Абсурдный круг по мотелям — тот же штампованный комфорт, то же уродство, те же рекламные призывы, те же махинации, те же встречи — Гумберт Гумберт совершает, конечно, один; устроившаяся на сиденье рядом с ним несовершеннолетняя кукла, поглощенная своими комиксами и жвачкой, не слышит его любовных признаний, не видит ни единого из пересекаемых ими селений и городов. Но он уже не будет один на своем втором круговом пути — пути, который совершит без нее и в погоне за ней, бредовом маршруте, который, во всей неотвратимости и случайности разом, как бы предопределен и размечен нарочитыми вехами, оставленными в регистрационных книгах гостиниц неуловимым похитителем.

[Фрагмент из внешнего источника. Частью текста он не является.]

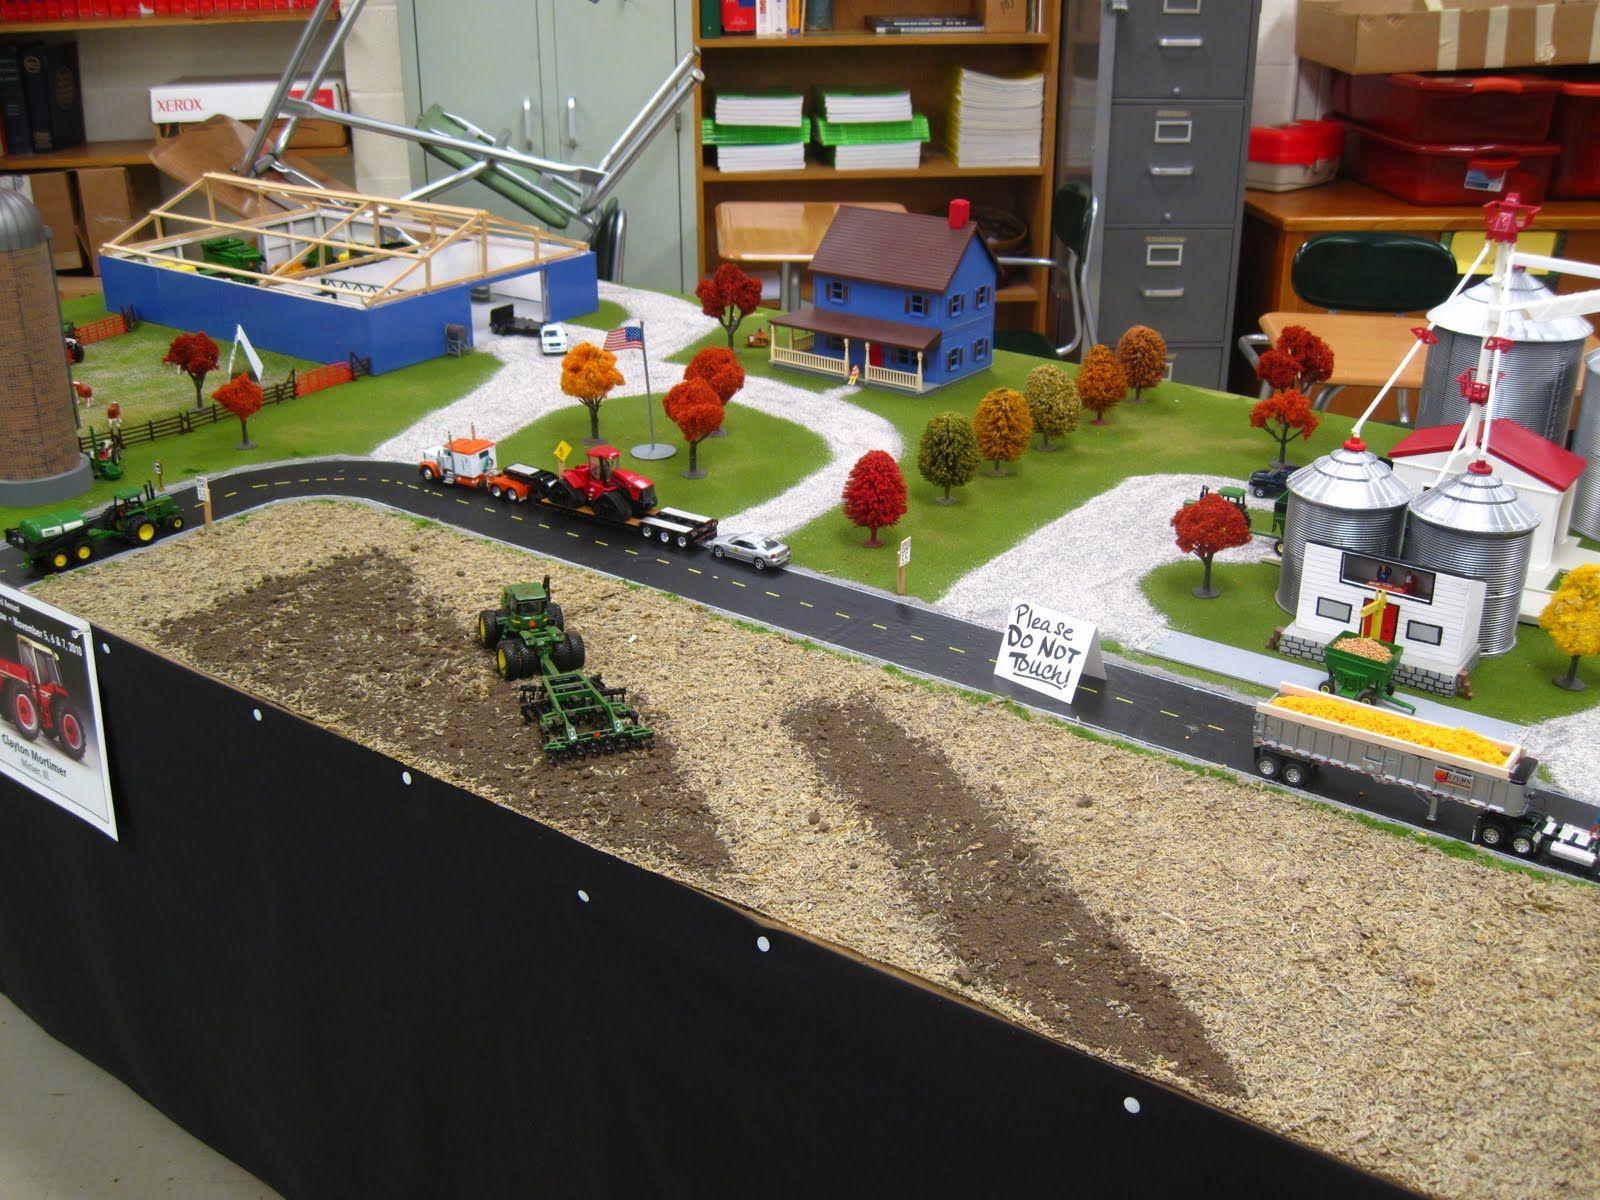 Tractors Ideas Display Toy

А последний настолько близко знает героя, его мифы и причуды, что речь может идти только о двойнике, самом Гумберте Гумберте, его полном, зеркальном тезке. Он безостановочно движется по собственному следу и узнает во всех зеркалах лабиринта лишь самого себя.
Единственное, что он может, — еще раз пройти своей прежней дорогой, где предметы повторяются и множатся до бесконечности. Очередное прибытие в ту же исходную шахматную клетку (дом все той же квартирной хозяйки, его жены и тещи одновременно) — нечто вроде периодического возврата туда, где начались книга и мир, в центр круга и вместе с тем завершающую точку окружности.
«Лолиту» называли сатирой на жизнь в Америке, картиной американского общества без прошлого, увиденной глазами старой Европы. Но римские прогулки Антониони, маршруты Достоевского и Клейста пролегают где-то неподалеку.
Что до Набокова, то он в интервью какому-нибудь слишком любопытному журналисту мог бы сказать, что его лично нимфетки совершенно не интересуют и что он с таким же успехом мог рассказать историю велосипеда или попугая. Конечно, конечно… Но как бы эти двухколесные механизмы ни завораживали современную словесность, можно утверждать, что роман получился бы тогда другим. Вероятно, нужно было соединить всепоглощающую одержимость (девичьим телом) с хитроумными формами Дедаловой постройки, чтобы придать этому телу ощутимый вес, физическую реальность и возвести великую книгу, которую мы знаем теперь.
Станислав Лем{123}
Лолита, или Ставрогин и Беатриче
Что меня огорчает в литературе, так это отсутствие критериев. Критерии, разумеется, существуют. Разумеется, есть множество знатоков, которые это мое признание сочтут нелепостью и, если они вообще пожелают со мной дискутировать (в чем я сомневаюсь), будут готовы уничтожить меня подробным перечислением объективно выявляемых признаков ценности литературного произведения и не менее длинным перечнем превосходных и выдающихся книг, всеобщее признание которых неопровержимо доказывает, что мое отчаяние совершенно безосновательно. Все это как будто бы правда. Но что поделаешь, если известно, что время от времени где-нибудь появляется книга, которую долгие годы никто почему-то не в состоянии оценить, книга-странник, путешествующая от издателя к издателю, рукопись, которую не способны отличить от посредственности или крикливой претенциозности, либо (что, возможно, еще хуже) книга, когда-то и где-то изданная, но словно бы несуществующая, остающаяся мертвым номером в библиографиях, которая вдруг, неведомо почему, оказывается в центре внимания знатоков и с их запоздалым напутствием начинает долгую и, в сущности, свою первую настоящую жизнь?
О «предварительной» истории выдающихся книг, которые в читательский мир входили, как камень в топкую грязь, говорят невнятно и неохотно. Но разве не такова была первоначальная судьба романов Пруста, прежде чем они стали Библией рафинированных эстетов? Разве острого ума, проницательности, вкуса французов оказалось достаточно, чтобы сразу оценить его творчество? Почему огромный роман Музиля{124} был «открыт» и признан достойным называться классическим лишь через много лет после смерти писателя? Что могла сказать критика основательных и объективных англичан о первых романах Конрада? Мне могли бы возразить, что все это, возможно, и правда, но говорить тут особенно не о чем, коль скоро каждый из этих авторов в конце концов получил признание, которого он заслуживал, а его книги — успех у читателей; что же касается временного разрыва между художественным высказыванием и его справедливой оценкой, то из-за этого убиваться не стоит.
Мне с этим трудно согласиться. Ведь чуткому и умному читателю (речь как-никак о знатоках!) книга открывается сразу, говорит ему все, что может сказать, и какие еще таинственные процессы должны произойти, чтобы месяцы или годы спустя из его уст вырвался возглас восхищения? И чего стоит восхищение, переживаемое с таким запозданием?